‘9 Hours’ web series review: An overdrawn crime drama that intrigues partly
The Hindu
The period Telugu crime thriller benefits from a good story and an ensemble cast, but needed sharper scissors
9 Hours, streaming on Disney+ Hotstar, is filmmaker Krish Jagarlamudi’s adaptation of the Telugu novel Thommidhi Gantalu (nine hours), written by Malladi Venkata Krishnamurthy. Set in the mid- 1980s, it narrates the story of prison inmates who are commissioned to rob three banks and have to return within nine hours, in time for their next roll call. Krish, who has written and presented the series, needs to be commended for dipping into Telugu literature time and again for his movies, and now series.
Directed by Niranjan Kaushik and Jacob Verghese, the series has varied and complex characters falling on different sides of the moral compass. There are prisoners who do not think twice about hurting the hostages and those who, given a chance, would opt for a better life. The hostages of different age groups are with differing moralities.
The narrative has a lot to unravel, with the backstories of characters turning into a commentary on relationship dynamics, gender sensitivity, greed and power games.
The story that begins as just another day at the bank swiftly transforms into a hostage drama. A video cassette store becomes the police control room for the mission and in the pre-mobile phones and the high-tech gadget age, walkie-talkies, landlines and public telephone booths come into the picture. As the drama unfolds, we get a closer look at the lives of the characters, some of which hold intrigue.
Taraka Ratna plays a short-tempered cop who is in the vicinity of one of the banks and wants to save the hostages. His estranged wife (Madhu Shalini) is a reporter. The bank manager (Suresh Kumar) who is serving his last day at work before retirement, is contrasted by a recruit (Preethi Asrani). Romance brews between her and Nandu (Ankith Koyya) in the bank.

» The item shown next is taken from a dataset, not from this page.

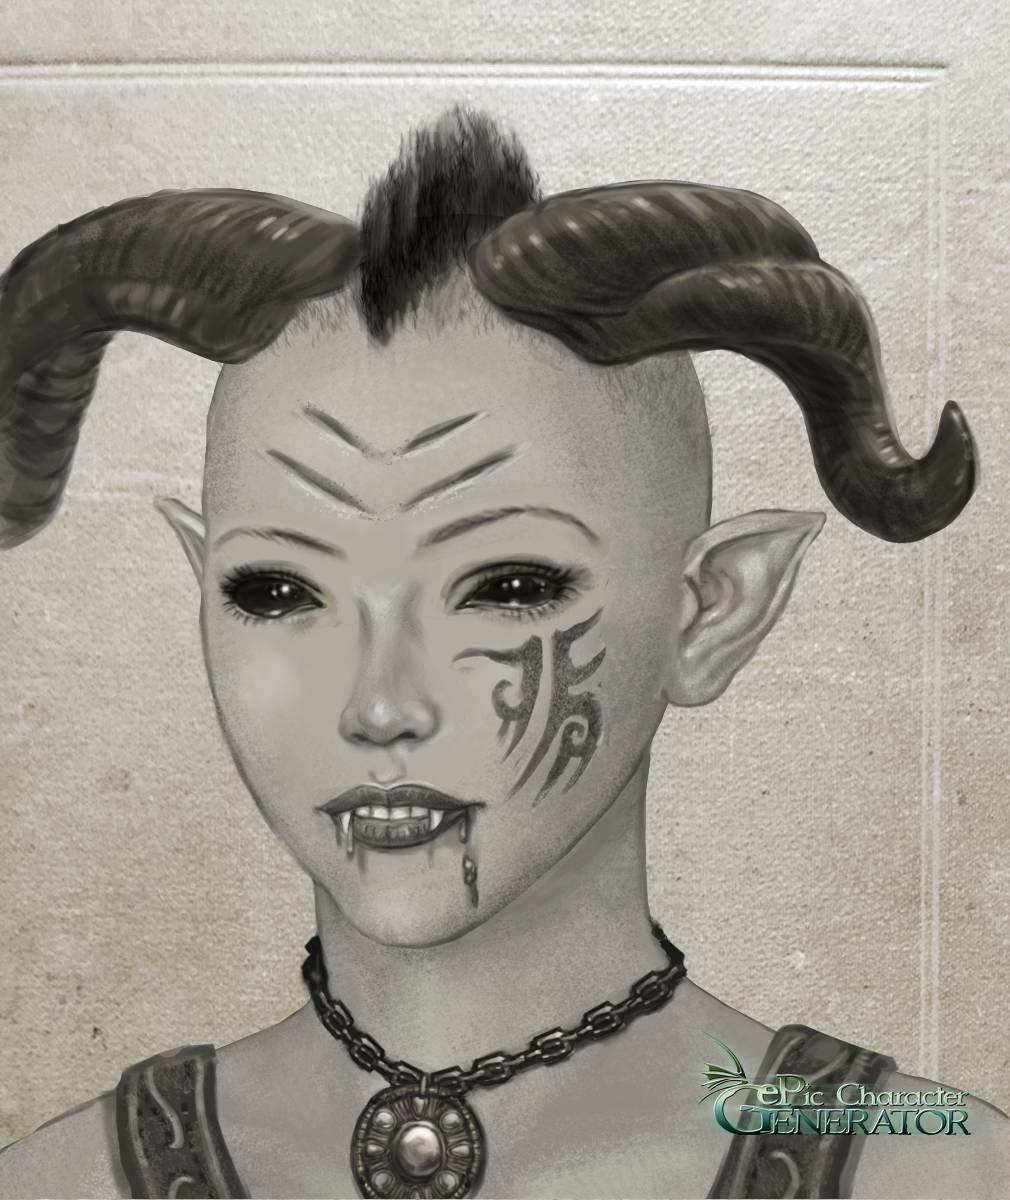 ePic Character Generator Season 3 Female Portrait Screenshot 08

The others include a middle-aged assistant manager, a woman who faces sexual harassment from a pervert colleague (Venkata Giridhar), and so on.
At the prison, politics play out differently and Ajay Ghosh gets to enact an interesting character that gives him the scope to depict a range of emotions. A jailor with an ulterior motive, an aged cop who weighs his decisions with care, a newlywed young woman, and a sex worker who dreams of a better life, are the others in the drama. here
Then there are some cheesy portions, like the one involving an egoistic movie star and an emerging actor who lets vengeance get the better of him.